**Try it**
Copy every line from the one that holds "High End Systems" to the end of the records below, exactly and with nothing else, but without any pictures.

**Task inputs**
Content starts

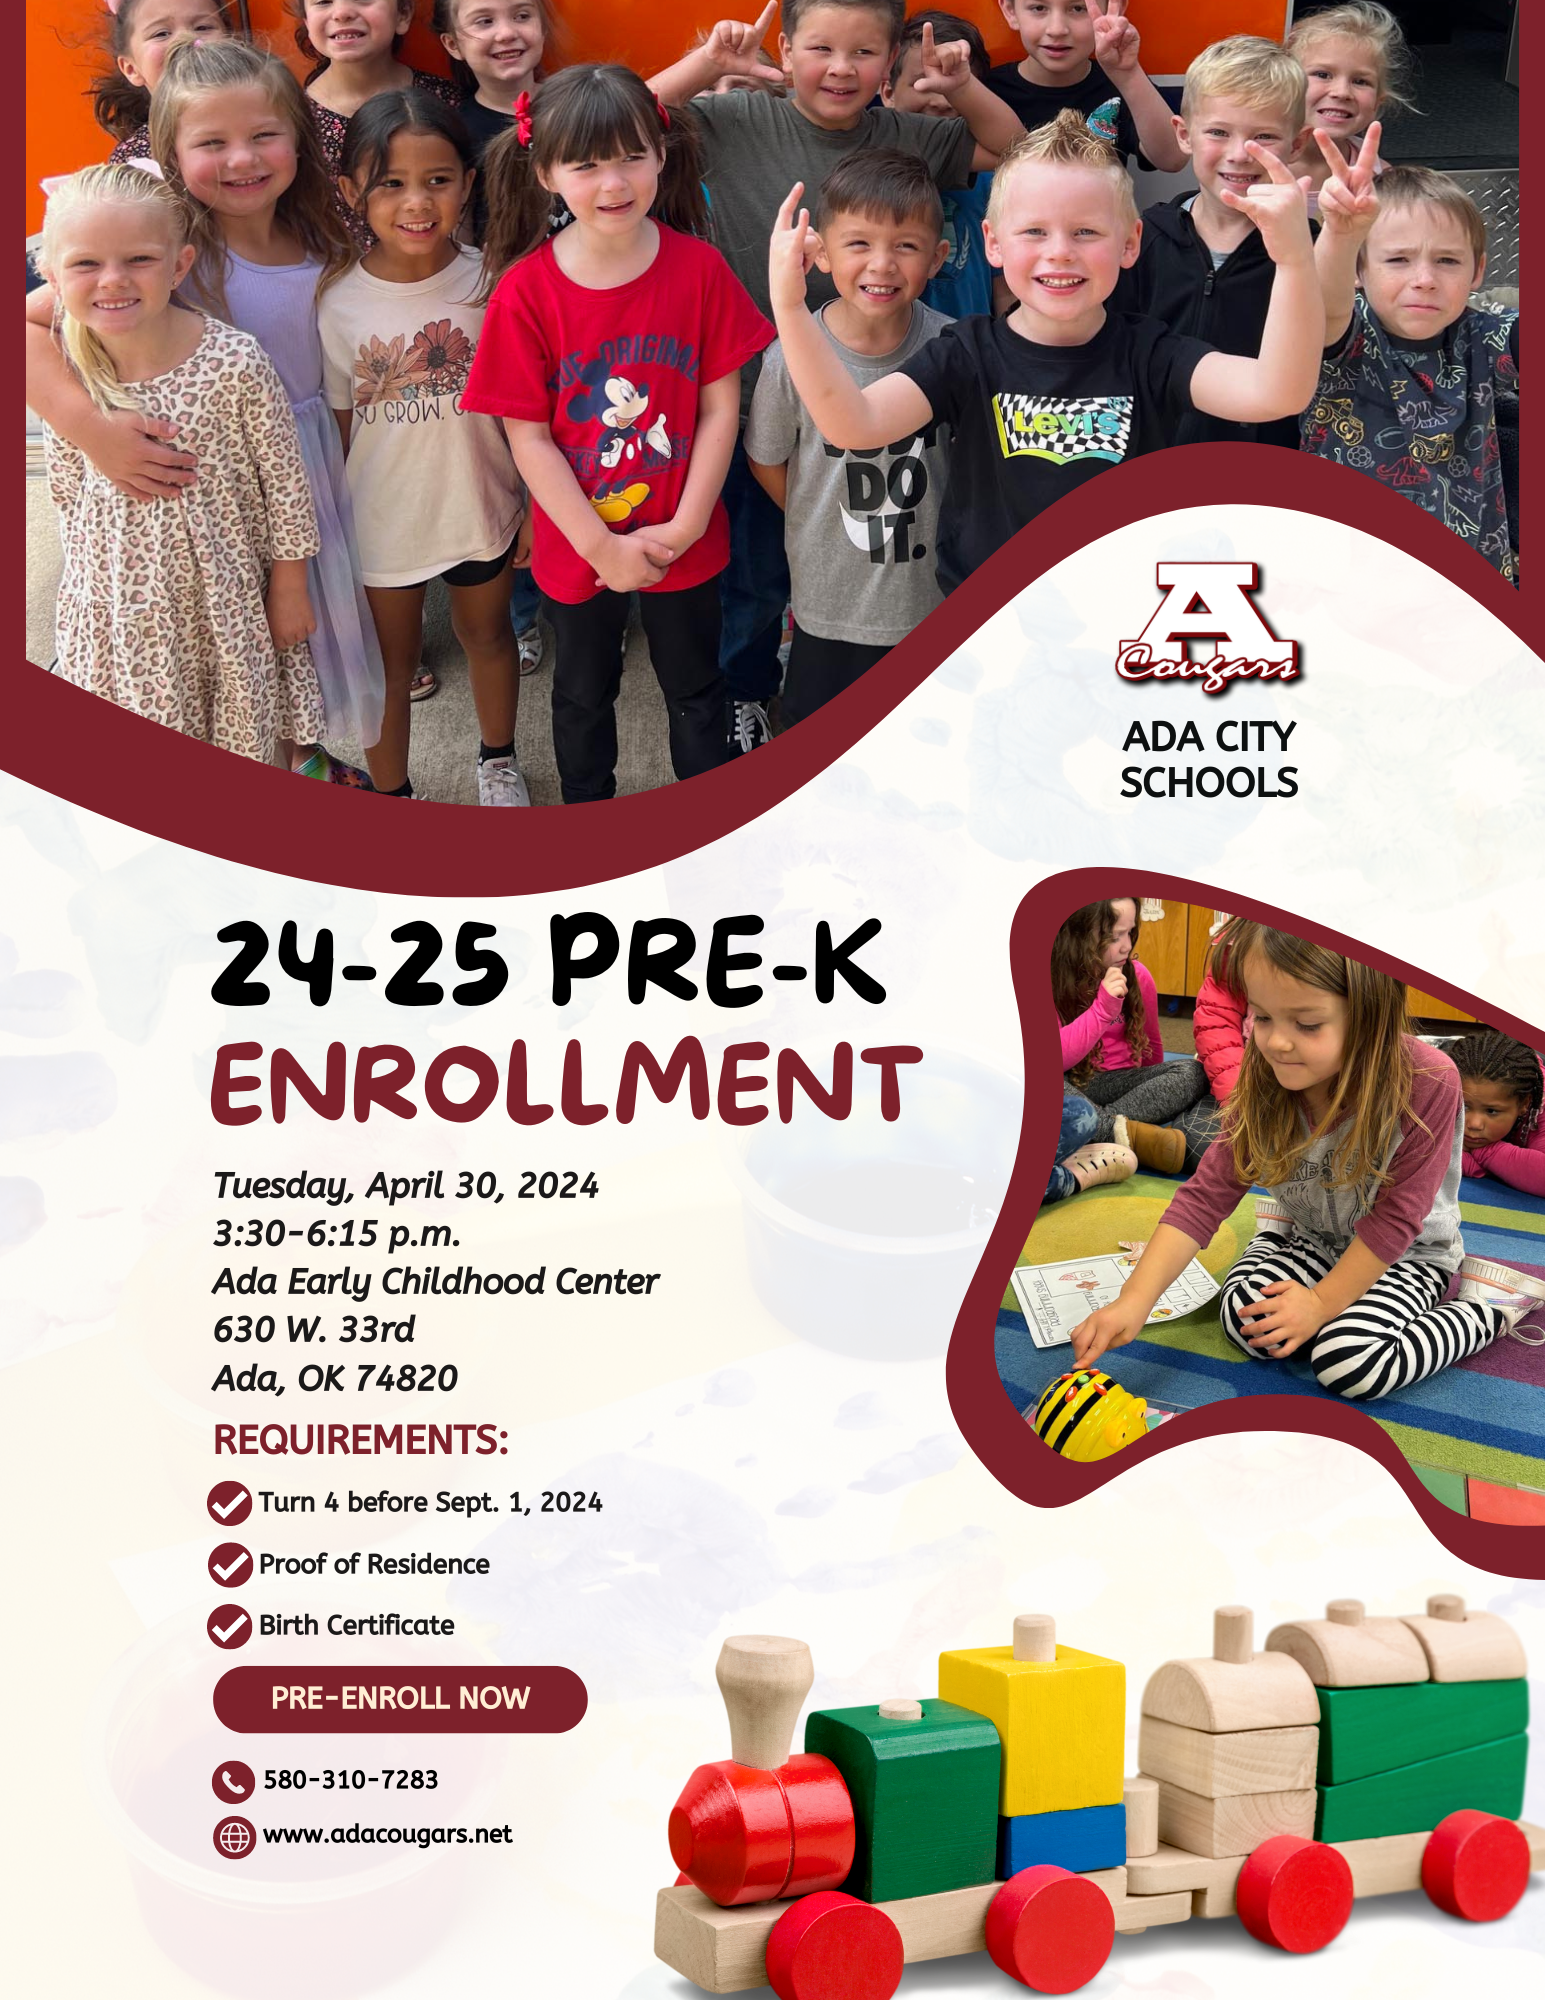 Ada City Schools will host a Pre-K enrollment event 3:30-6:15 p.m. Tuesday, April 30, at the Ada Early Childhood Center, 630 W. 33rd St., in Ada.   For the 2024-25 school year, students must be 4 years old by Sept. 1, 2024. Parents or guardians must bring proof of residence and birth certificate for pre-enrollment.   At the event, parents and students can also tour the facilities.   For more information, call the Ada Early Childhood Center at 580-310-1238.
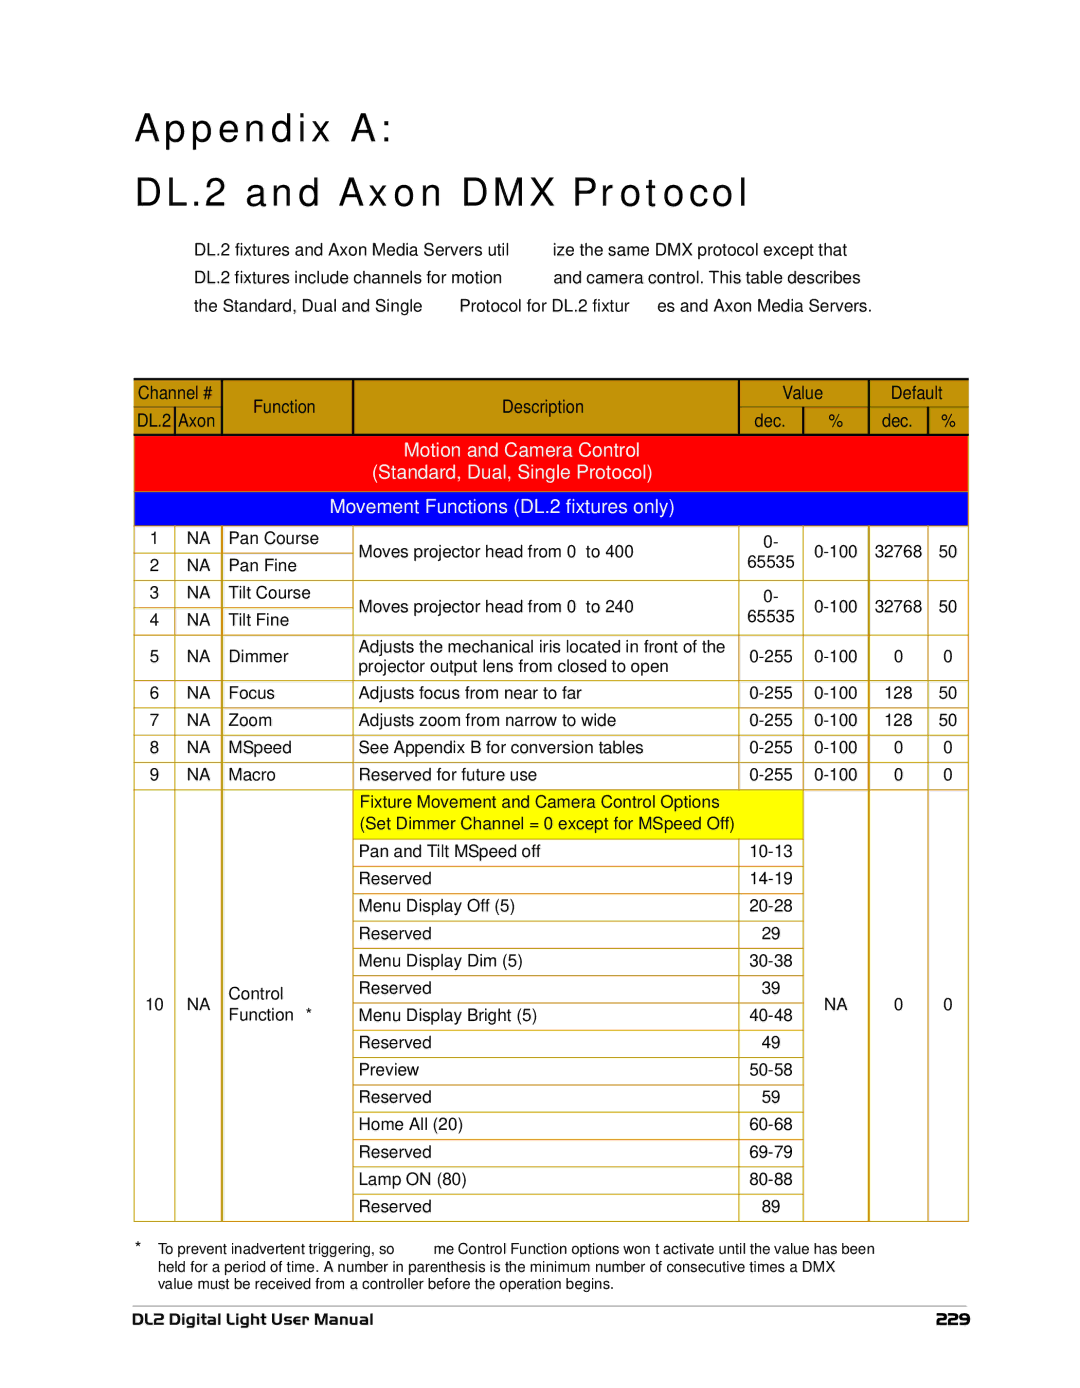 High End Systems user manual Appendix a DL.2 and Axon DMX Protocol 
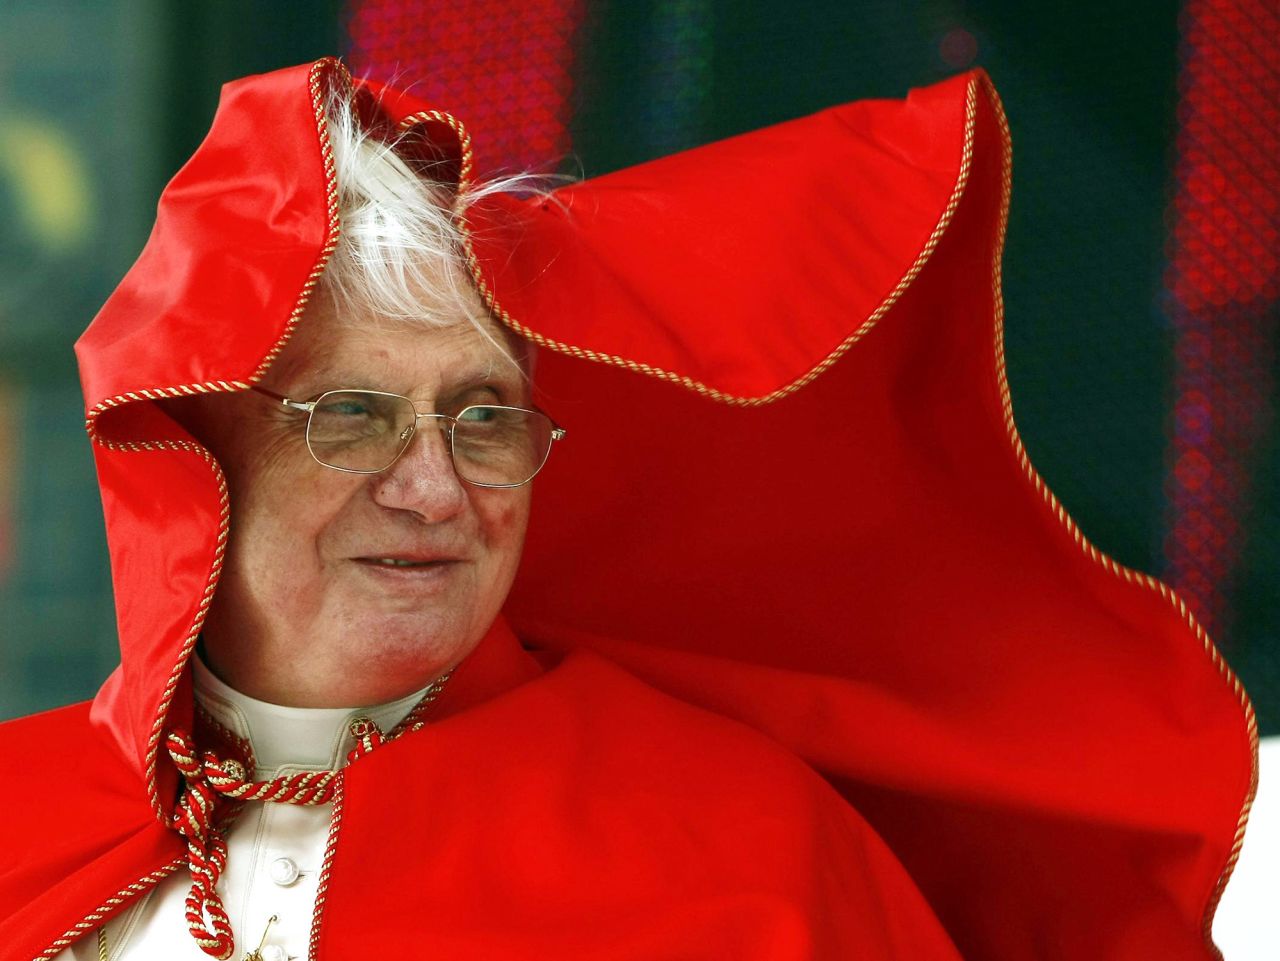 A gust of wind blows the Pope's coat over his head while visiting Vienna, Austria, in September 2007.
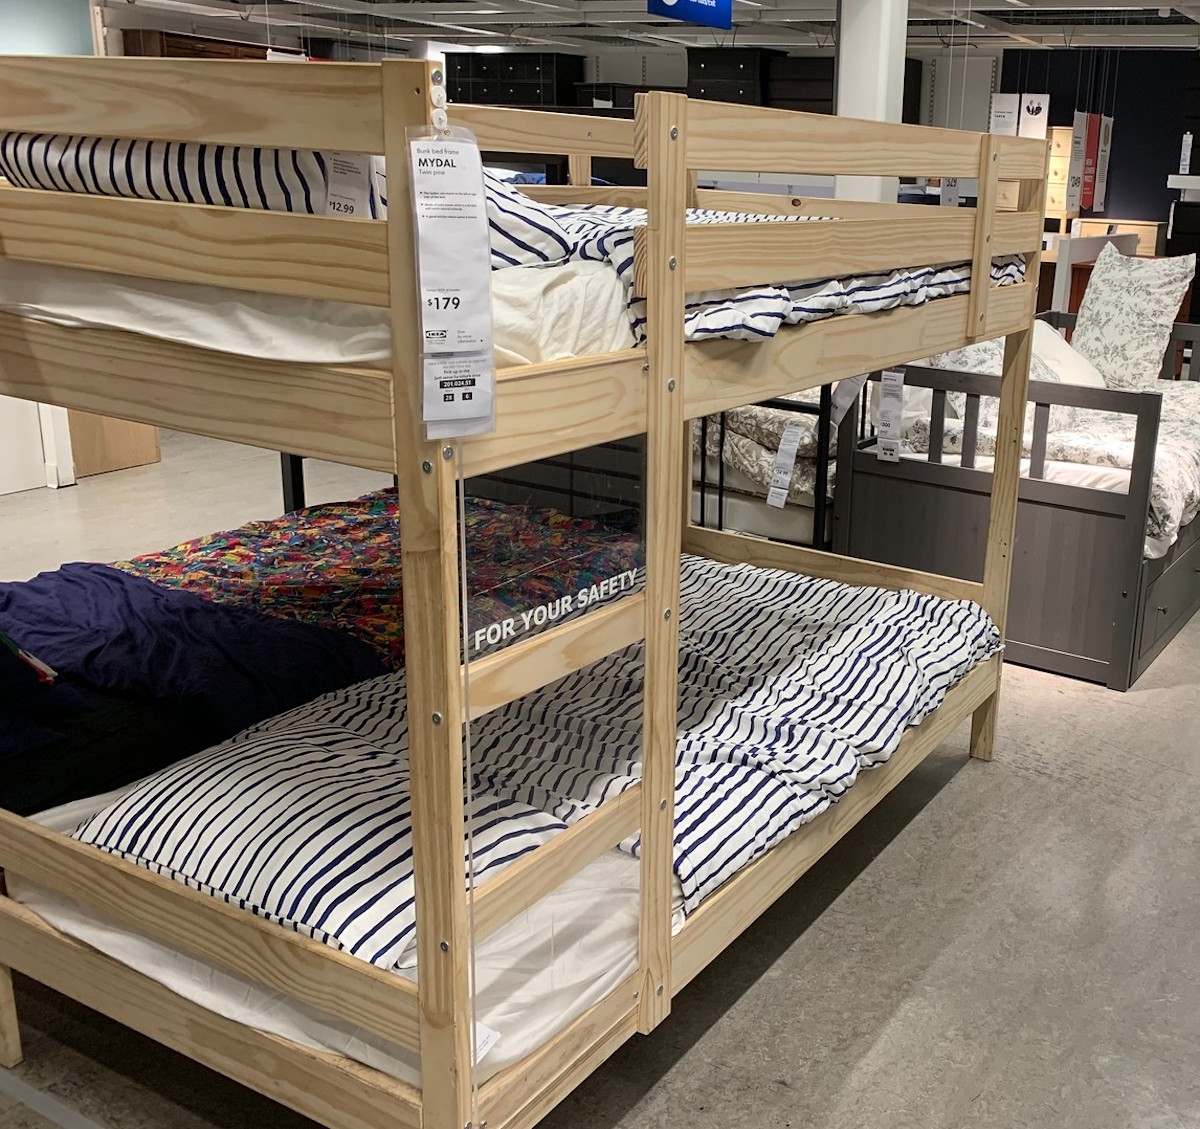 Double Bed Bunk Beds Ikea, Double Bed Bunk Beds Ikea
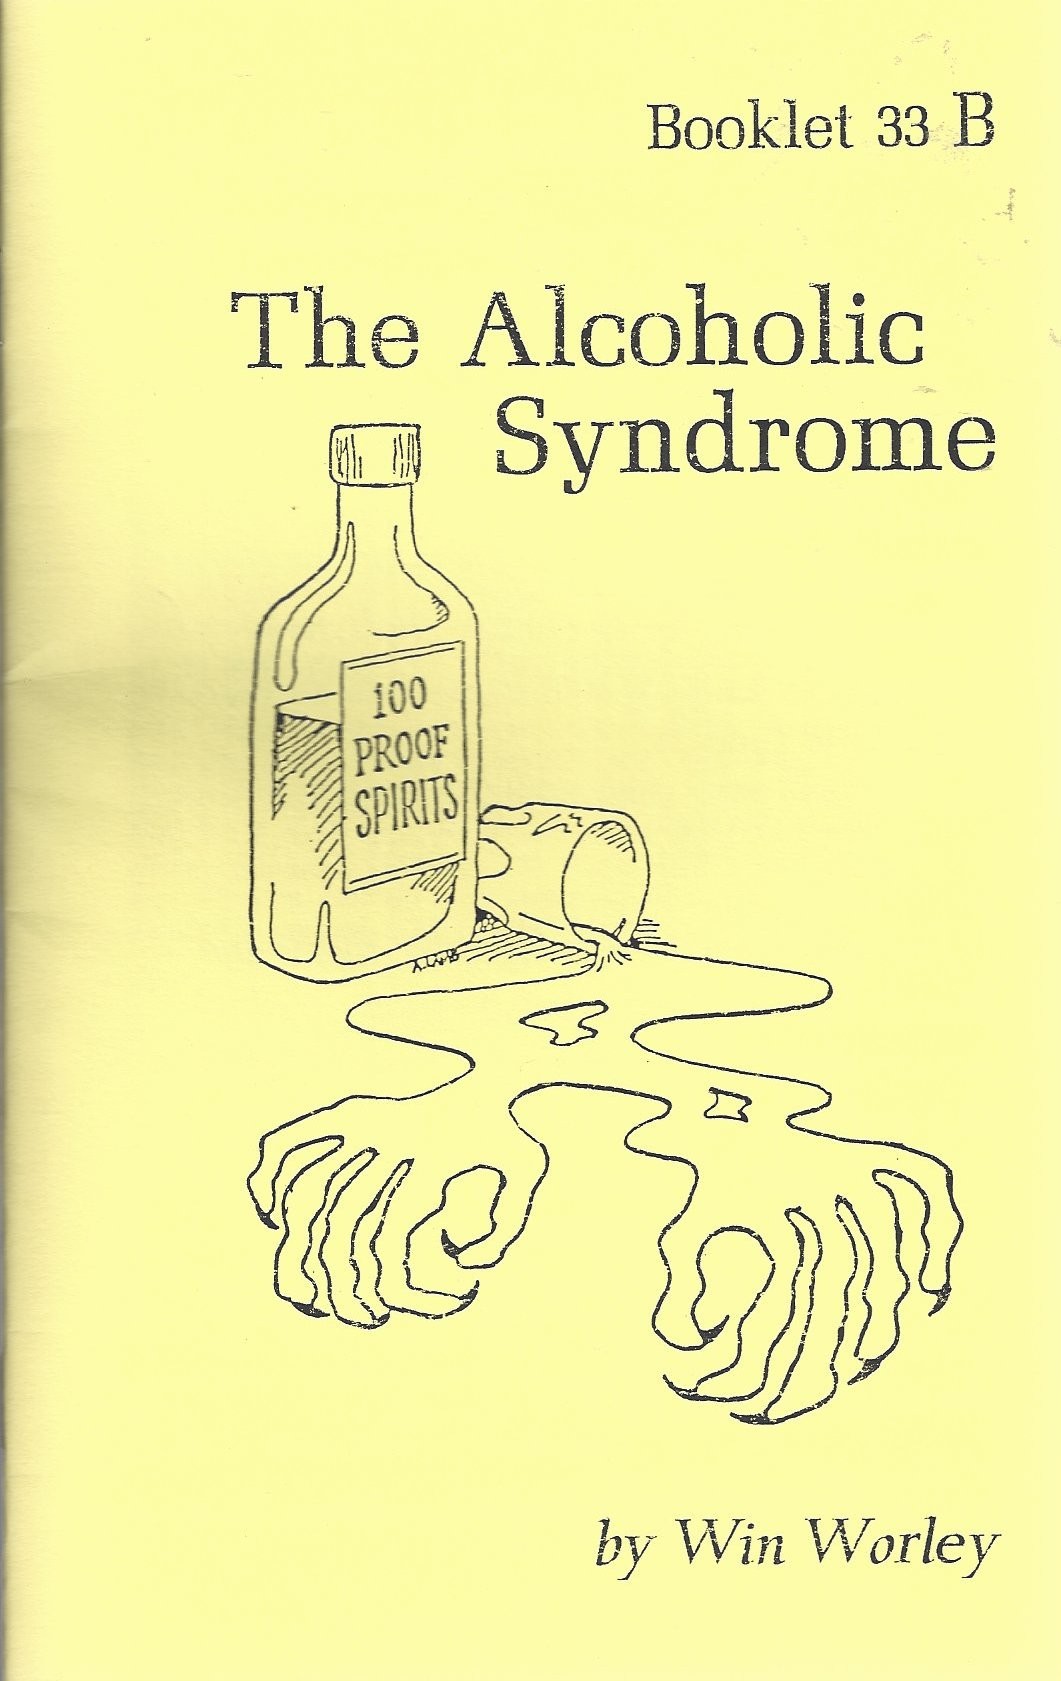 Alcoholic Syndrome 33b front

Content ends

**Exercise result**
 High End Systems user manual Appendix a DL.2 and Axon DMX Protocol 
 A gust of wind blows the Pope's coat over his head while visiting Vienna, Austria, in September 2007.
 Double Bed Bunk Beds Ikea, Double Bed Bunk Beds Ikea
 Alcoholic Syndrome 33b front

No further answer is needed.